Theoretically) the problem is almost impossible to solve. In practice, there
are all sorts of things that help or hurt, some of them surprising.

For example, it seems to be the case that "shift work" (anywhere from fast
food to paediatrics) is _way_ better for mothers. In a shift job, if you
aren't in your seat, someone else is. Work doesn't pile into your backlog,
waiting for you to come back. This means jobs are better defined, and can
therefore be more easily parceled out.

Ironically, shift work turns out to be _more_ flexible in ways that matter to
working mothers. It doesn't lend to flextime and work from home, but it does
lend to job sharing, flexible loading and such.

The trend is in the opposite direction though. A lot more modern jobs
(especially good ones at technology companies) tend to be built around
individuals. You might have 3 "sr developers" on a single team, but they
generally can't step into eachothers' shoes flexibly. Each one plays a unique
role.

It's almost impossible to reconcile such tidbits of specific, practical
knowleedge with a wider abstract theory of labour, contracts, freedom and
such. But, it is possible to make more maternity (and paternity) friendly
policies by understanding them.

------
fredley
The solution to these problems IMO is to make maternity leave protected
strongly by law, and make paternity leave _exactly equivalent_. Make no
distinction by gender when it comes to maternity and paternity leave.

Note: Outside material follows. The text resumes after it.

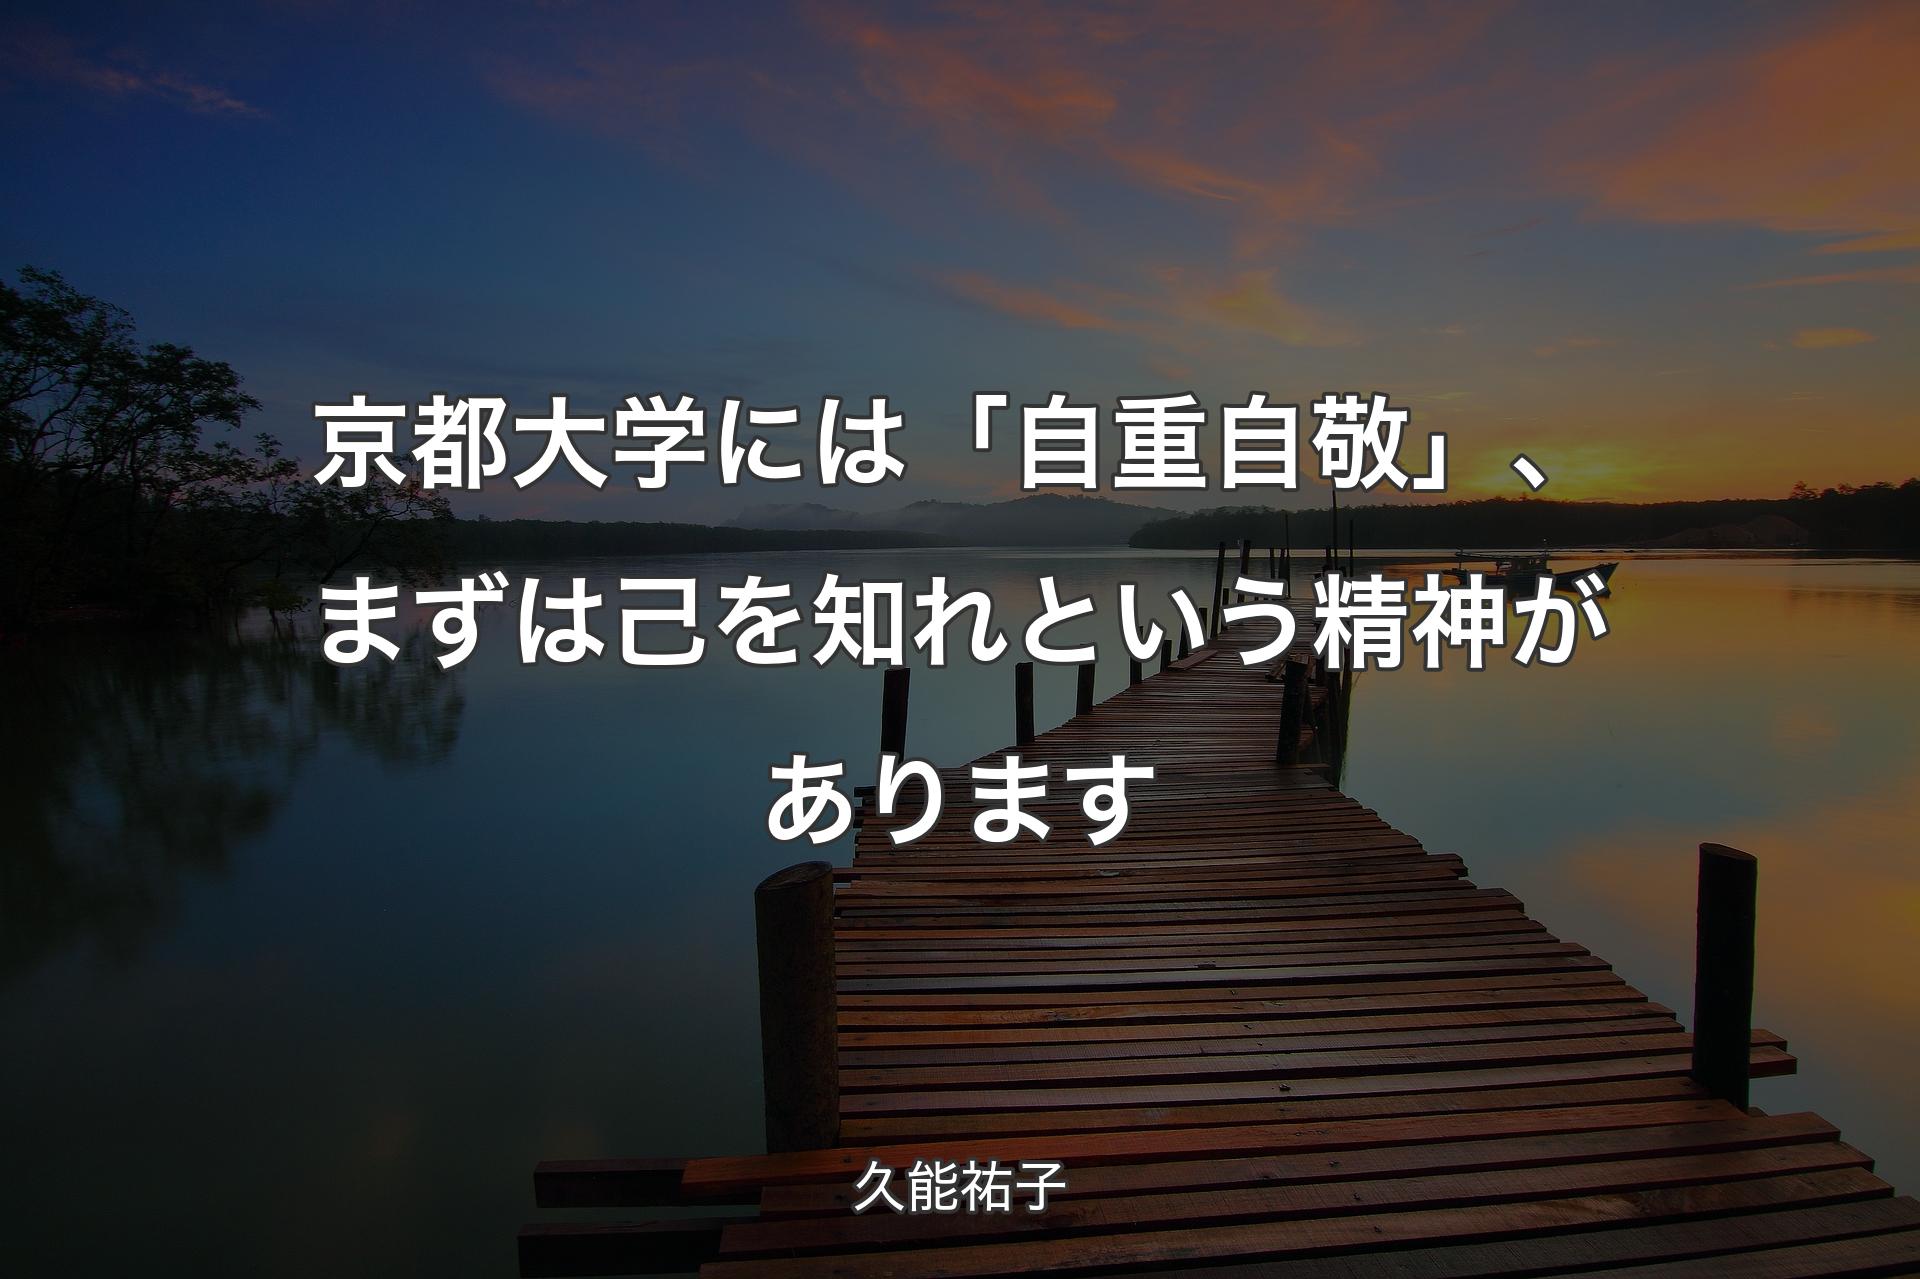 【背景3】京都大学には「自重自敬」、まずは己を知れという精神があります - 久能祐子

Obviously there's the associated job of changing perceptions around taking the
leave, which will vary from country to country, but by making the risks
associated by hiring a man no different from those associated by hiring a
woman you move towards eliminating this gender imbalance.

As an additional benefit, both parents are more likely to have time to bond
with their newborn or newly adopted child and share the burden of early
parenting.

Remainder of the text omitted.